> _Exercise goal_
Return the material below exactly, but only from the line with "Zombie Costume DIY" through the line with "How To Dress As A Zombie For Halloween A bud", and without its pictures.

> _Source data_

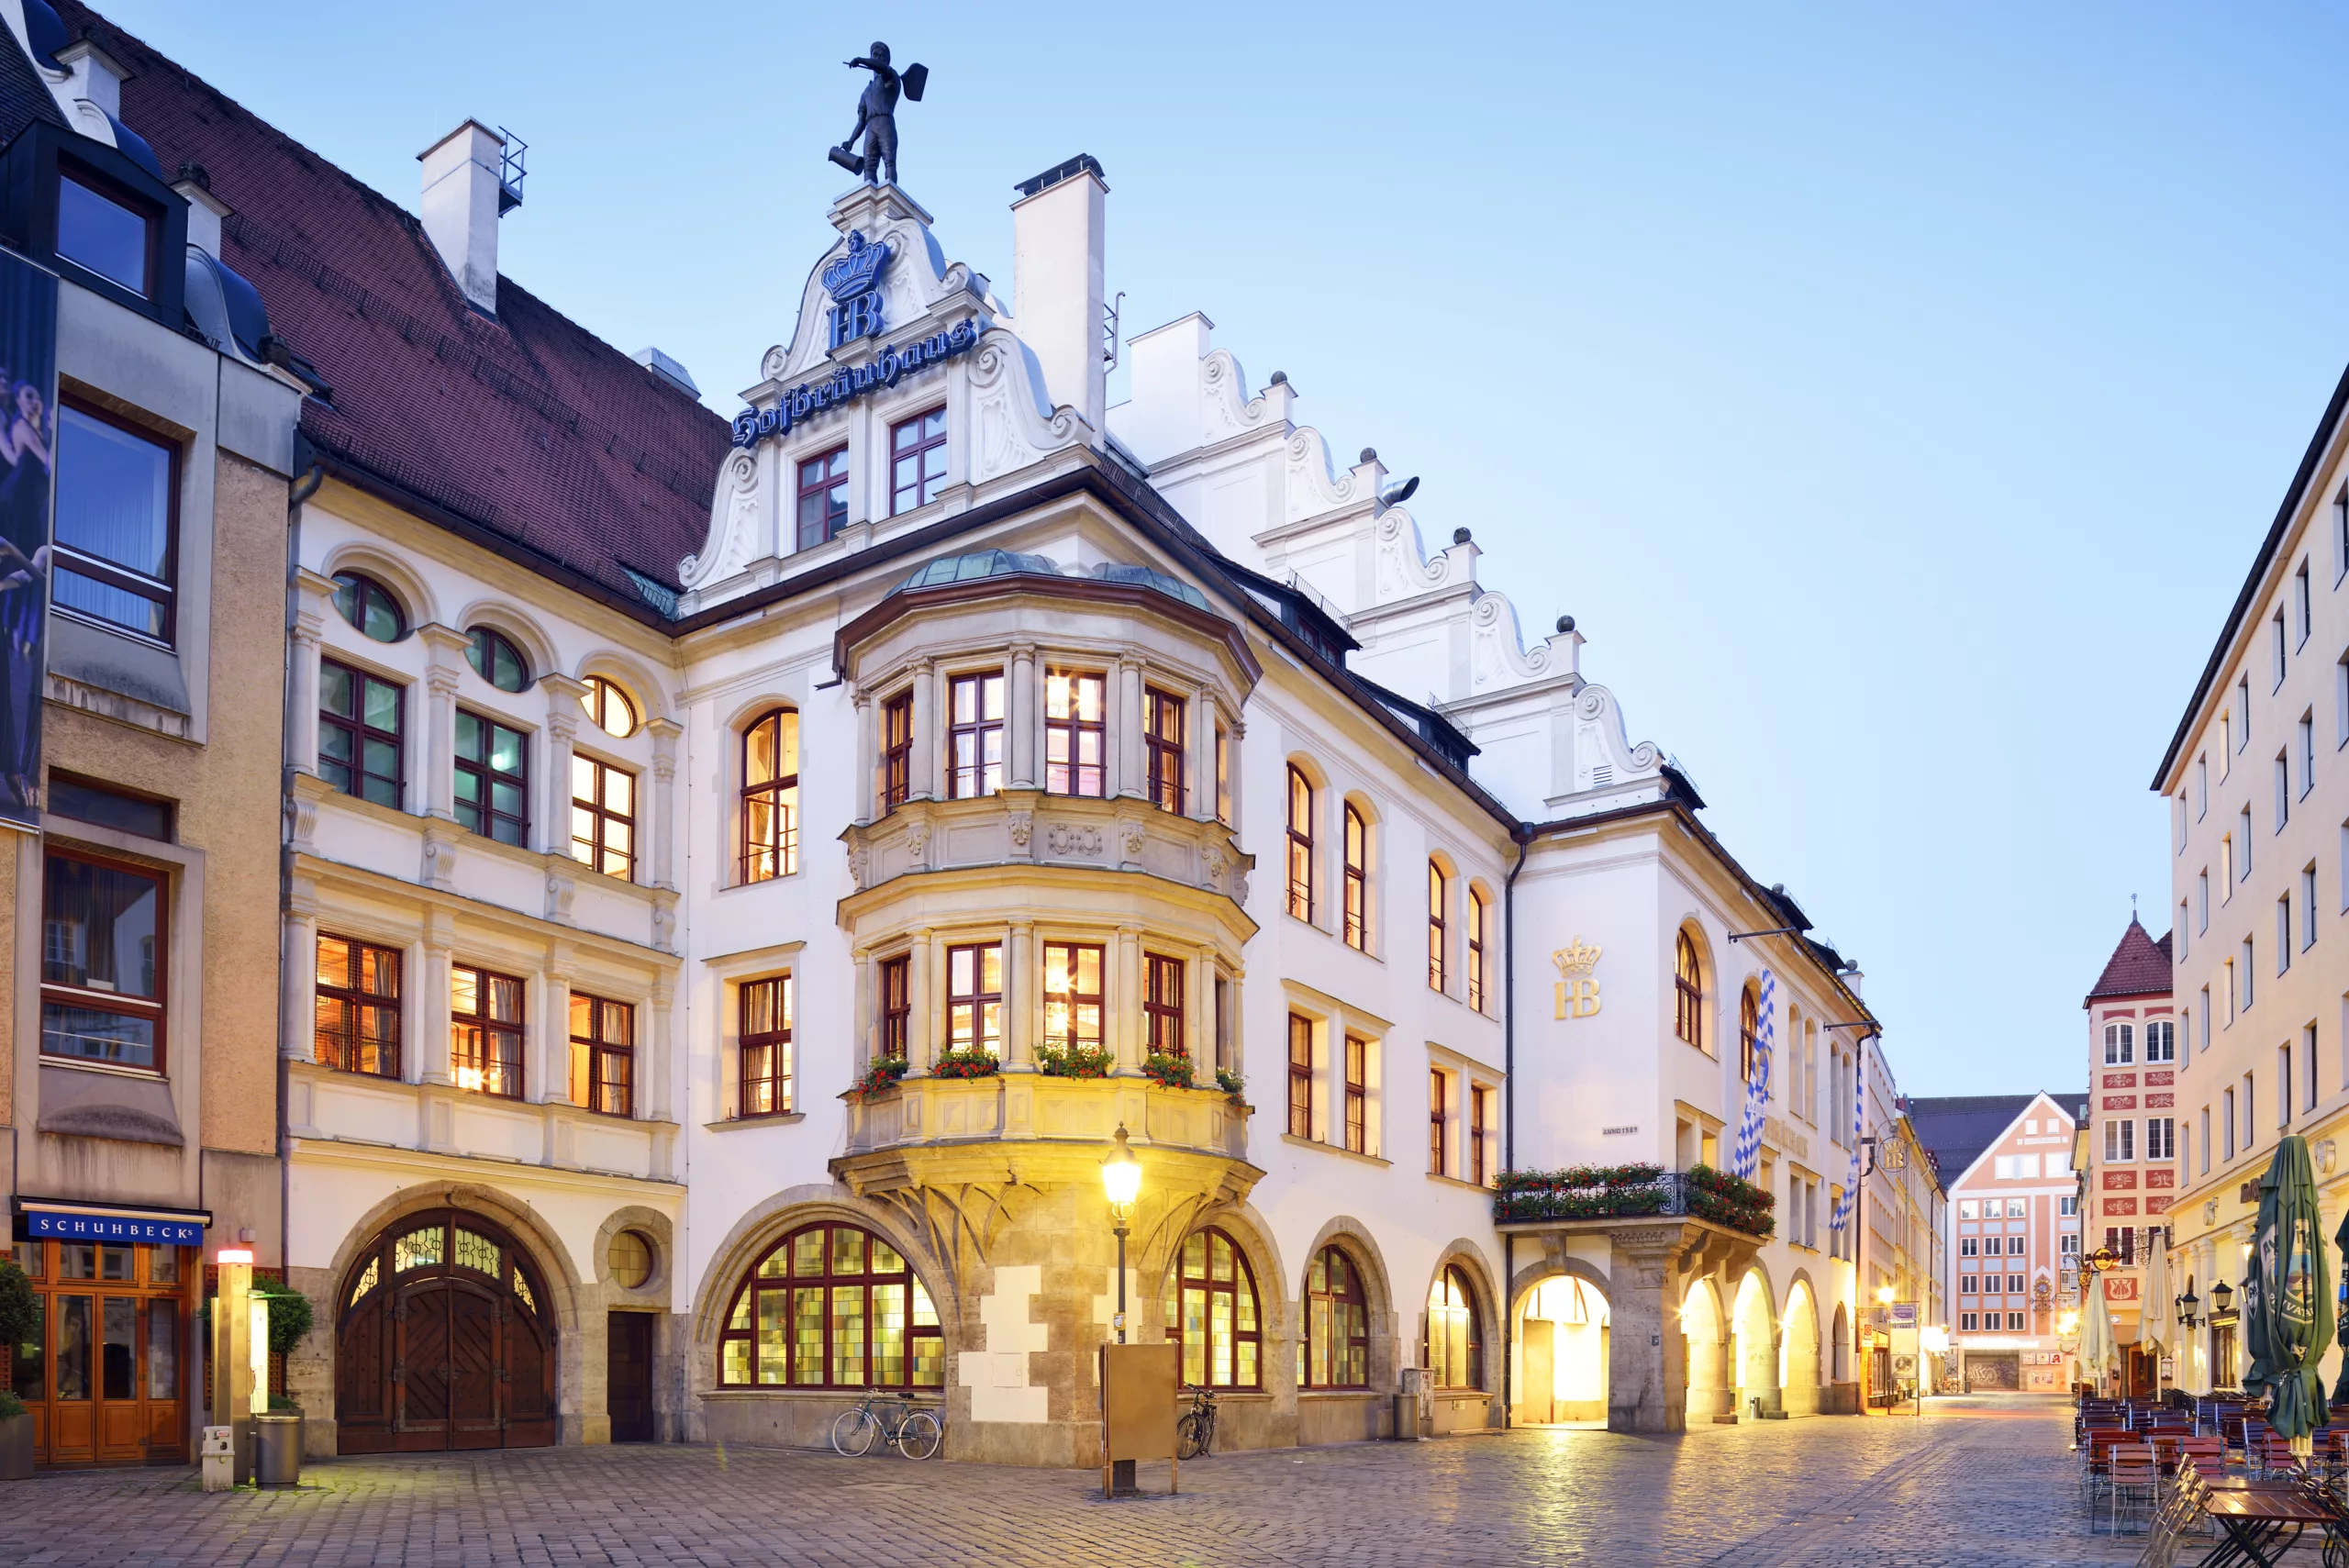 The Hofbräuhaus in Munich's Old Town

--

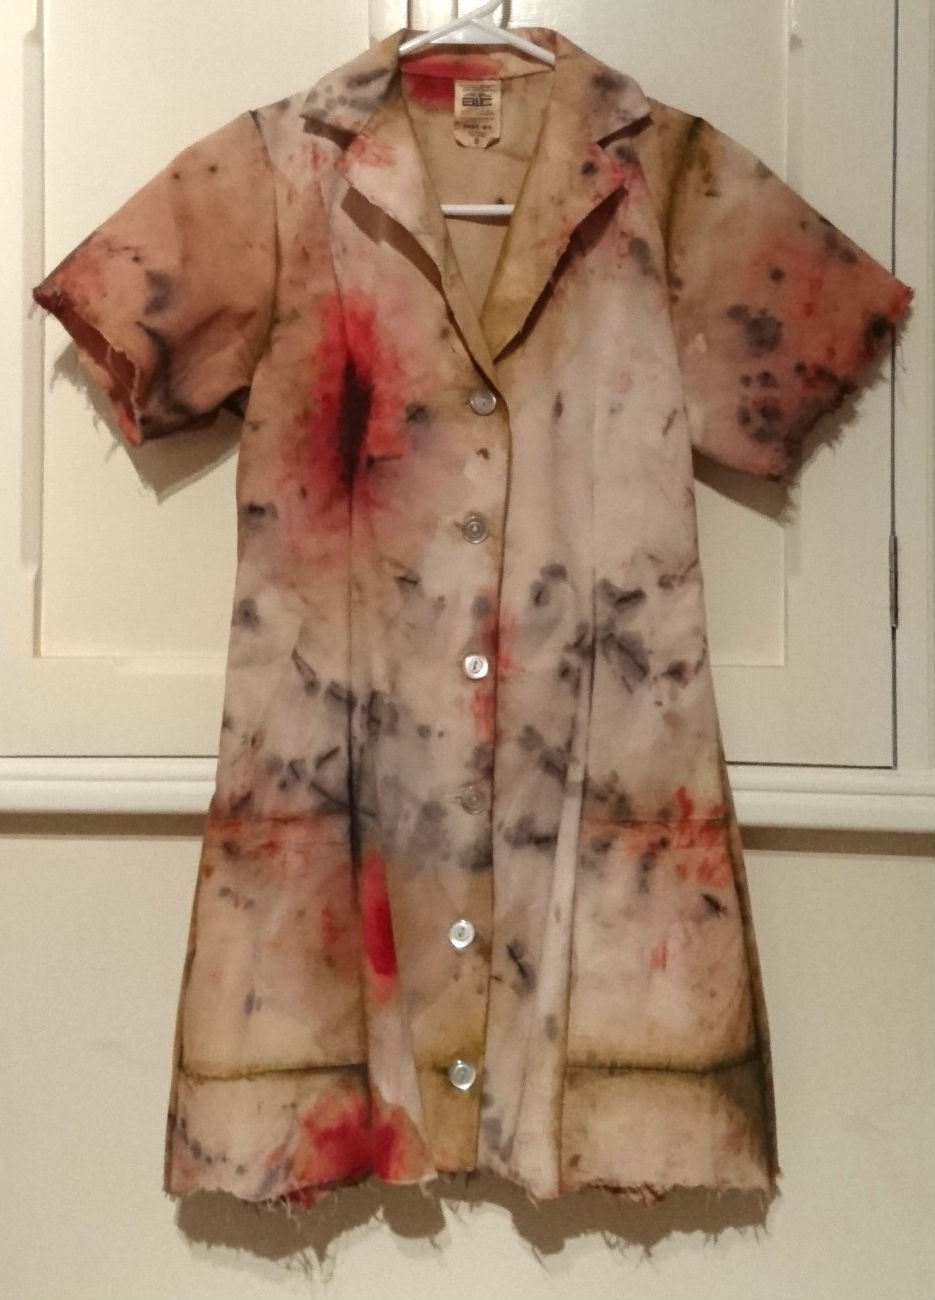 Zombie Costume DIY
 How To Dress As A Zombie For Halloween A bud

> _Answer section_
 Zombie Costume DIY
 How To Dress As A Zombie For Halloween A bud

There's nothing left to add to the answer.